で、桜の木の下には~を爆発的に広めたという梶井基次郎『桜の樹の下には 』を読んでみた。
何の予備知識もなく読んでみたのだけれども、語り部が美しいものに対して抱く違和感、不快感というのは恐らく美しいもの自身にではなく、自分自身の中に醜さを見出してしまうからこそのものなのだろう。美しいものを美しい、と認める事は出来れどもそれをそのまま評価するには語り部はその前に自分自身の劣等感に打ち勝たねばならないのだろう。或いは物凄く負の方向に自意識過剰で、かつ陰惨な精神構造ではあれども「俺には惨劇が必要なんだ」と嘯く語り部のその感性、超越した美しいものに対峙した際に少なくとも自分の中で陰惨なもの、憂鬱を構築して均衡を保たねばならない感性というのは誤解を恐れずに言ってしまえば物凄く共感出来る。
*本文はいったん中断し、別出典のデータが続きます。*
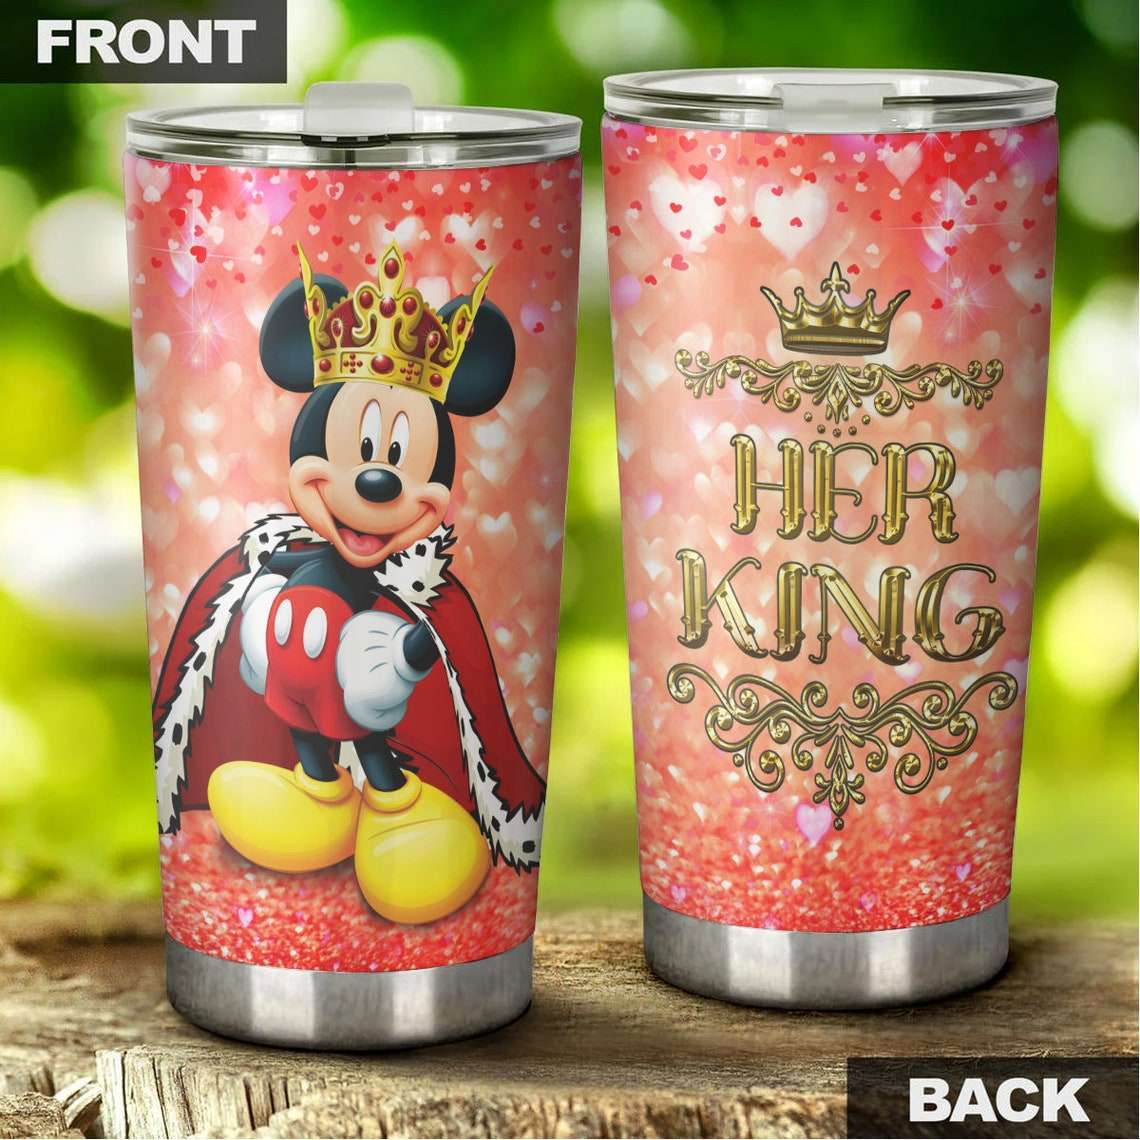 https://musicdope80s.com/wp-content/uploads/2023/02/Cartoon_Movie_Mickey_Mouse_Her_King_Matching_Couple_Stainless_Steel_Tumbler_For_Disney_Fan_gytdnf.jpg
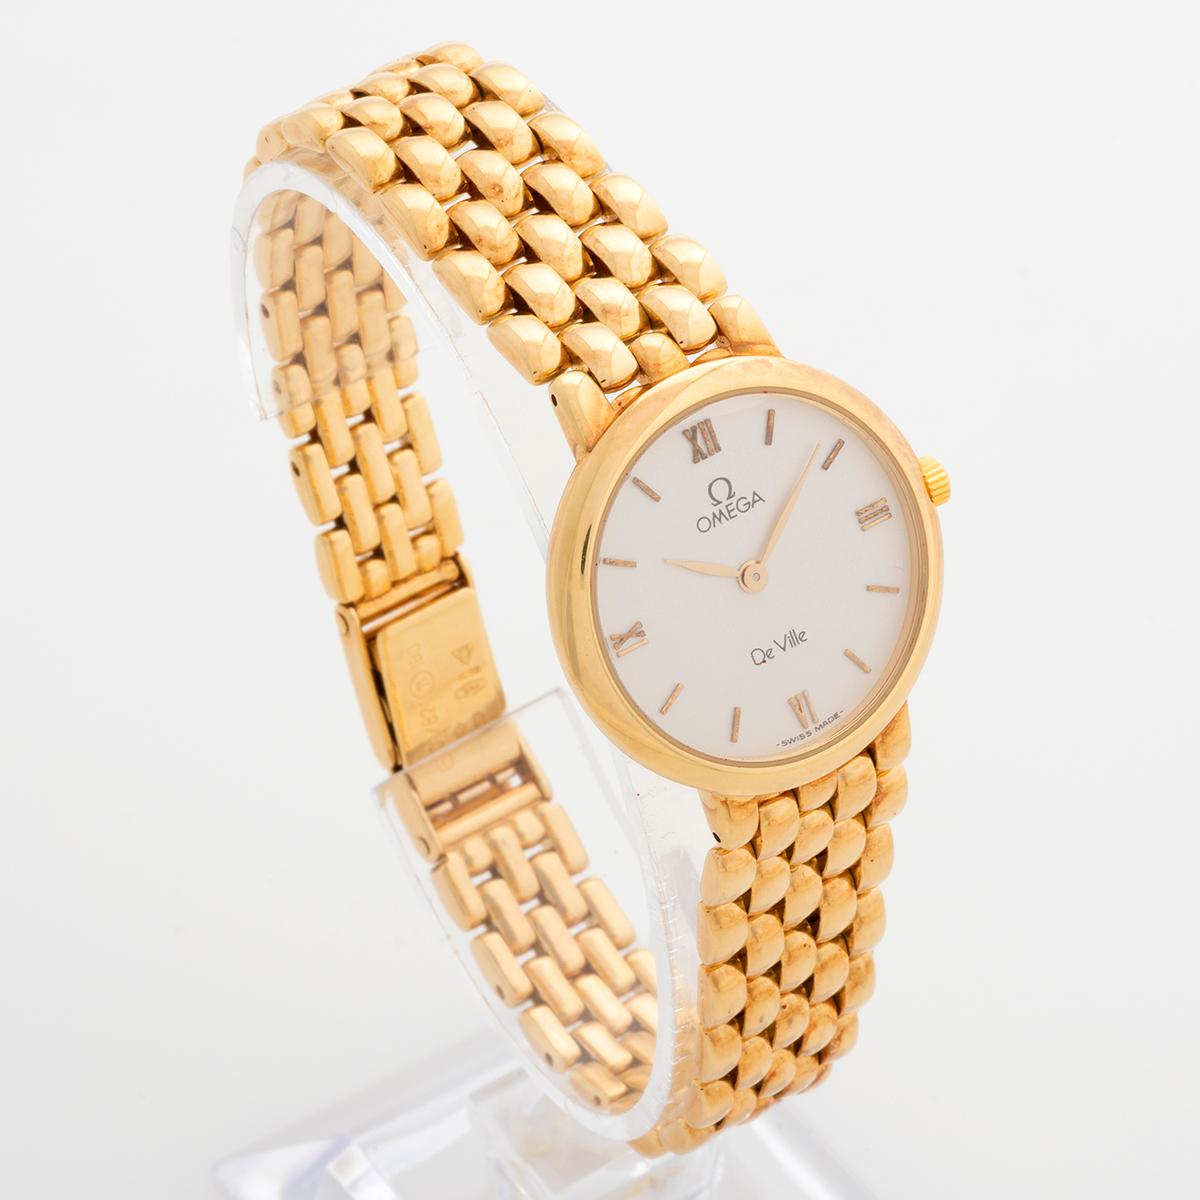 Our lovely neo-vintage quartz Omega ladies De Ville features an 18k yellow gold 25mm case and bracelet. Presented in excellent contain with light signs of use from new, this particular example comes complete with inner and outer box (the inner

というのも、僕も美しい芸術表現を目の前にしてまずは自分自身を省みてしまう性質の人間であるから。この感覚というのは劣等感や自らの凡庸さを抱え、そしてそれを嘆いた人間だからこそ、であるとも思う。
「桜の樹の下に屍体が埋まっている」と妄信するのは、とても良い、もう文句の付けようのない音楽を演るバンドのライブを観た後、楽屋での姿を見てそこに一般的バランス感覚の欠如を見出したり(そこに更に魅力を感じてしまうのはある意味では不幸ではあれど、自分という人間のモチベーションを客観的に見ると少なくとも僕にとっては幸運ではあった)するのに同義であると解釈した。
その結果、これがもうね、物凄く腑に落ちてしまったんだな。
だって僕はさ、「無自覚かつバランス感覚のない天才」と「自覚的でかつ反骨精神に満ちた凡庸な人間」の代理戦争をバンド内でやろうとして、何であればその劣等感の裏返し、時としてバンドメンバーにすら向けられる健全なる劣等感、健やかな反骨精神をモチベーション、原動力として3つもバンドをやっているのだ。
才能溢れる美しい、生まれながらの才人、ナチュラル・ボーン・アーティストは人間的にどこか欠落がないと「困る」のだ。素晴らしい絵画を描く人間は精神的にどこかしら鬱屈したものを抱いていて欲しいし、素晴らしい曲を書く人間は人間関係の構築が極端に下手だったりして欲しい。稀代の名役者がアルコール中毒であるのも素敵だし、素晴らしい扇動者が女性関係にだらしがないのもいいな。まあ、とにかく、その、なんだ、そういう「幻想」を抱かせてくれる対象でなければ困る。
もし才能溢れる人間が身近にいたとして、そこに完璧なる「才能」の他に完璧なる「人間性」を見出してしまった日には僕のような人間は全く完全に完膚なきまでに浮かばれないのだ。
僕も桜の樹の下に屍体を「見出したい」人間だ。
そんな自分自身を俯瞰的に眺められるようになってからは本当に楽になったけれども。